= William Fordyce =

Scottish physician (1724–1792)

Sir William Fordyce (1724 – 4 December 1792) was a Scottish physician.

==Life==
The son of Provost George Fordyce (1663-1733) of Aberdeen, and brother of David Fordyce, was born at Aberdeen in 1724, and educated at Marischal College; also serving a medical pupilage with a local practitioner and with his brother John at Uppingham in 1743. His mother Janet Blackwell was daughter of Rev Dr Thomas Blackwell principal of Marischal College. Her siblings included Thomas Blackwell and Alexander Blackwell.

He was admitted a member of the Medical Society in Edinburgh on 22 December 1744. He then volunteered for the army during the War of the Austrian Succession which ended in 1748, and obtained an appointment as surgeon to the Guards, with whom he served in three campaigns.

Probably after the peace he travelled and studied in France. He was at Turin in 1750. While retaining his connection with the army, he entered on general practice in London, and this and the growing fame of his brothers gained him introduction. In 1770 he was created M.D. at Cambridge by royal mandate, and was admitted licentiate of the Royal College of Physicians on 10 April 1786. He was knighted by George III in 1787, and in the same year became Fellow of the Royal Society.

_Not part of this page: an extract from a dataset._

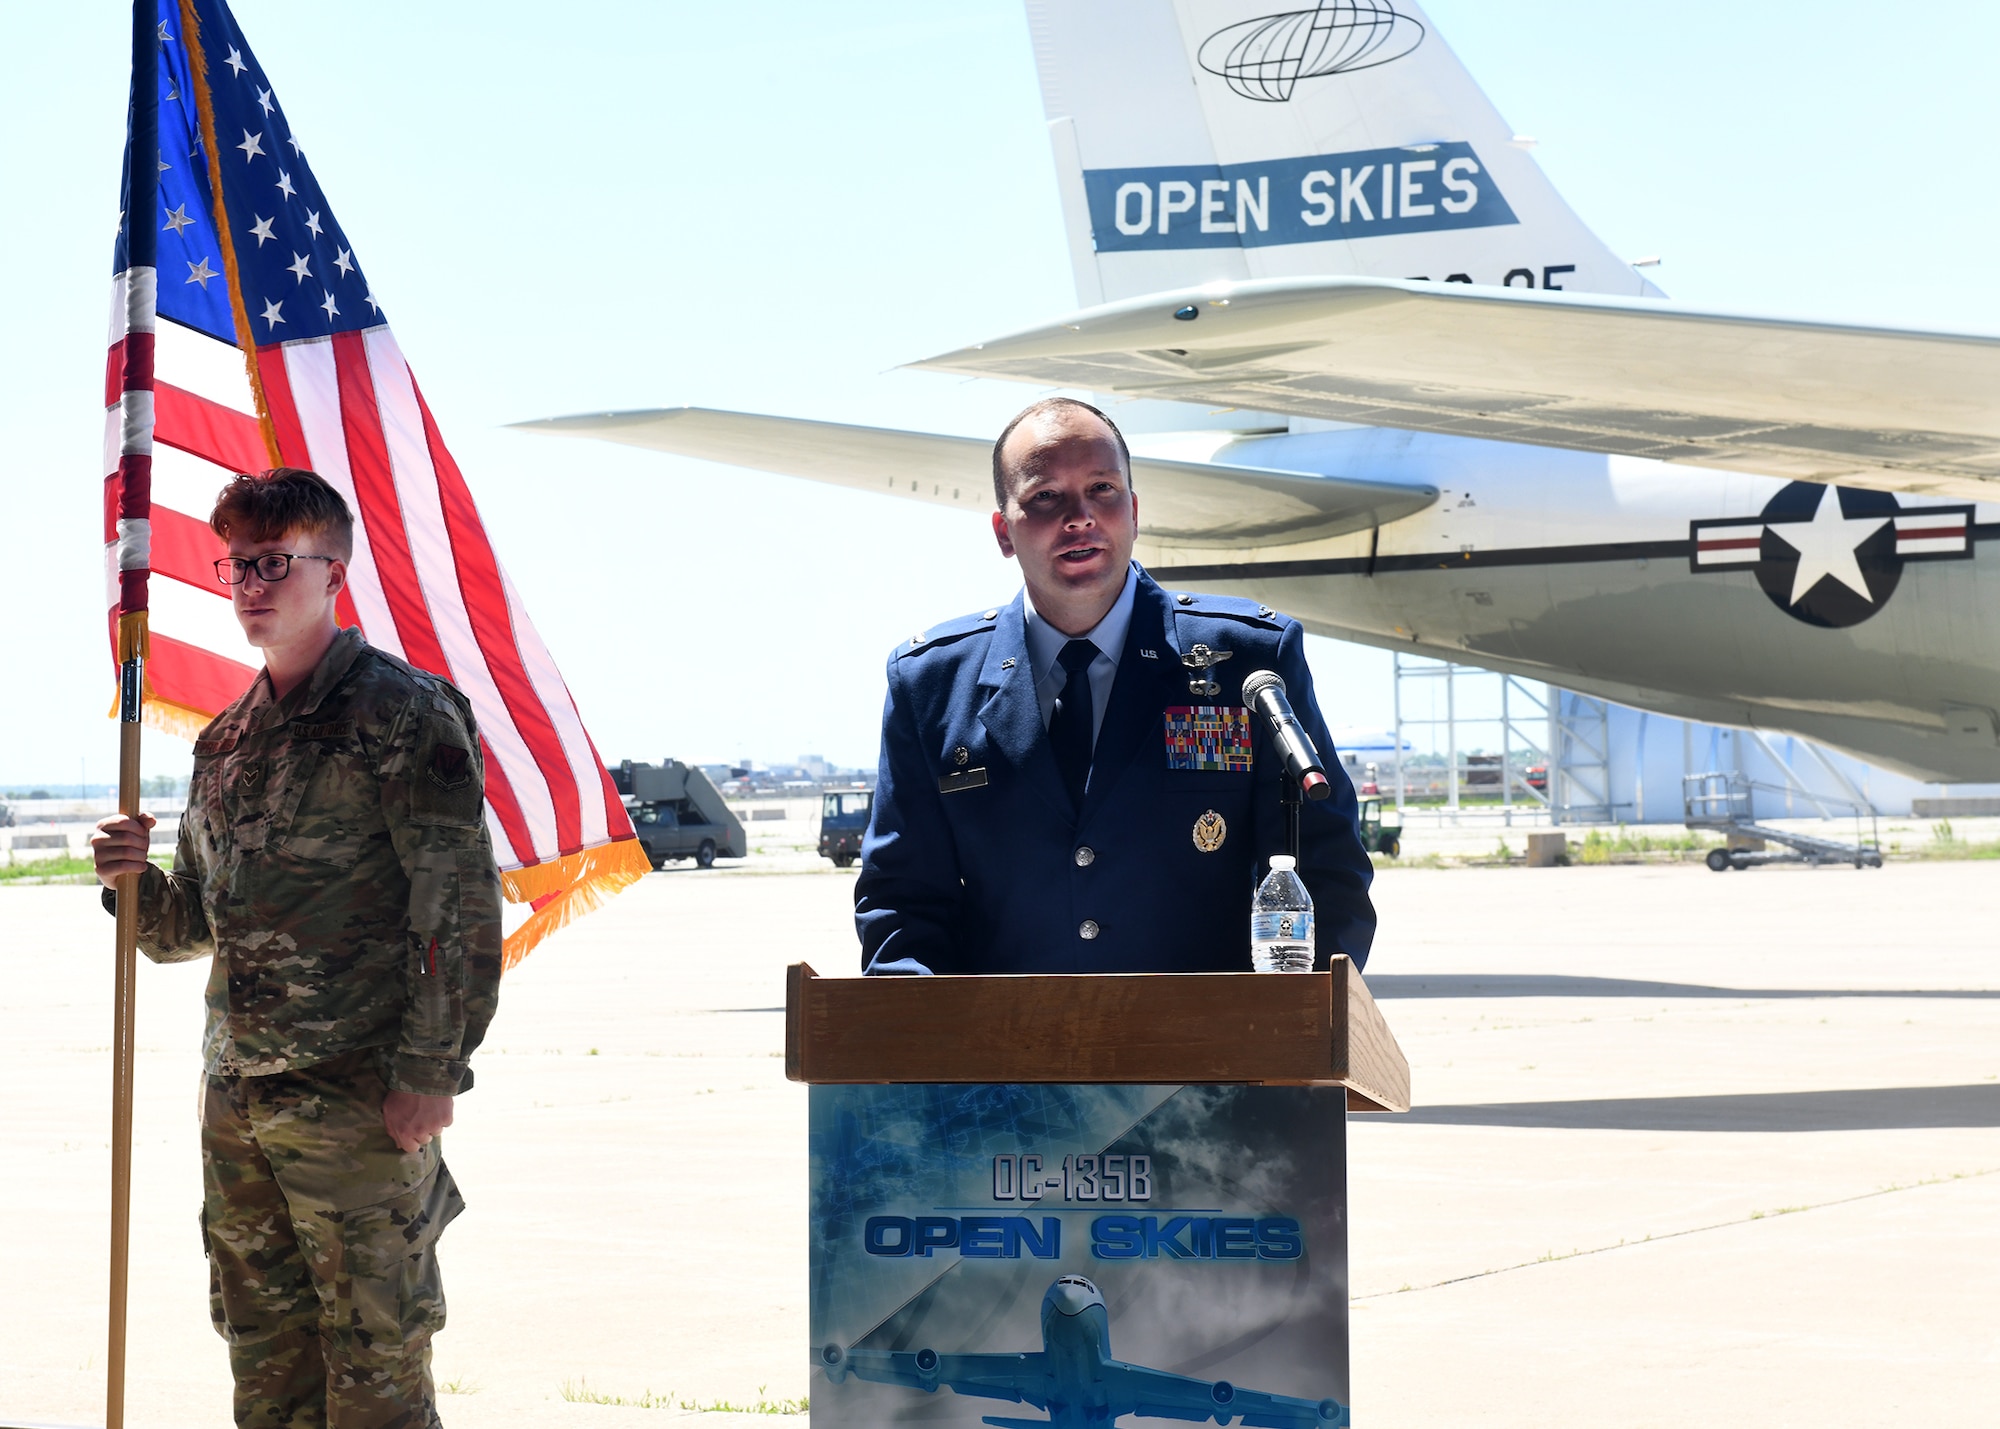 Man in Air Force uniform standing at a podium gives a speech. An Airman stands nearby holding the U.S. flag and the retiring aircraft is in the background.

He aided his brother Alexander Fordyce to his rise of fortune, and suffered a heavy loss when he failed, taking upon himself the burden of his brother James Fordyce's loss also. The Society of Arts voted him a gold medal for his work on rhubarb. He died at Brook Street, Grosvenor Square, after a long illness, on 4 December 1792, aged 68. At the time of his death he was lord rector of Marischal College, to which he left £1,000.

==Works==
Fordyce's works (all published in London) are:

- A Review of the Venereal Disease and its Remedies, 1767, fifth edition 1785; German translation, Altenburg, 1769.
- A New Inquiry into the Causes, Symptoms, and Cure of Putrid and Inflammatory Fevers, with an Appendix on the Hectic Fever and on the Ulcerated Sore Throat, 1773, fourth edition 1777; German translation, Leipzig, 1774.
- The Great Importance and Proper Method of Cultivating and Curing Rhubarb in Britain for Medical Uses, 1784.
- Fragmenta Chirurgica et Medica, 1784.
- Letter to Sir John Sinclair on the Virtues of Muriatic Acid in curing Putrid Diseases, 1790.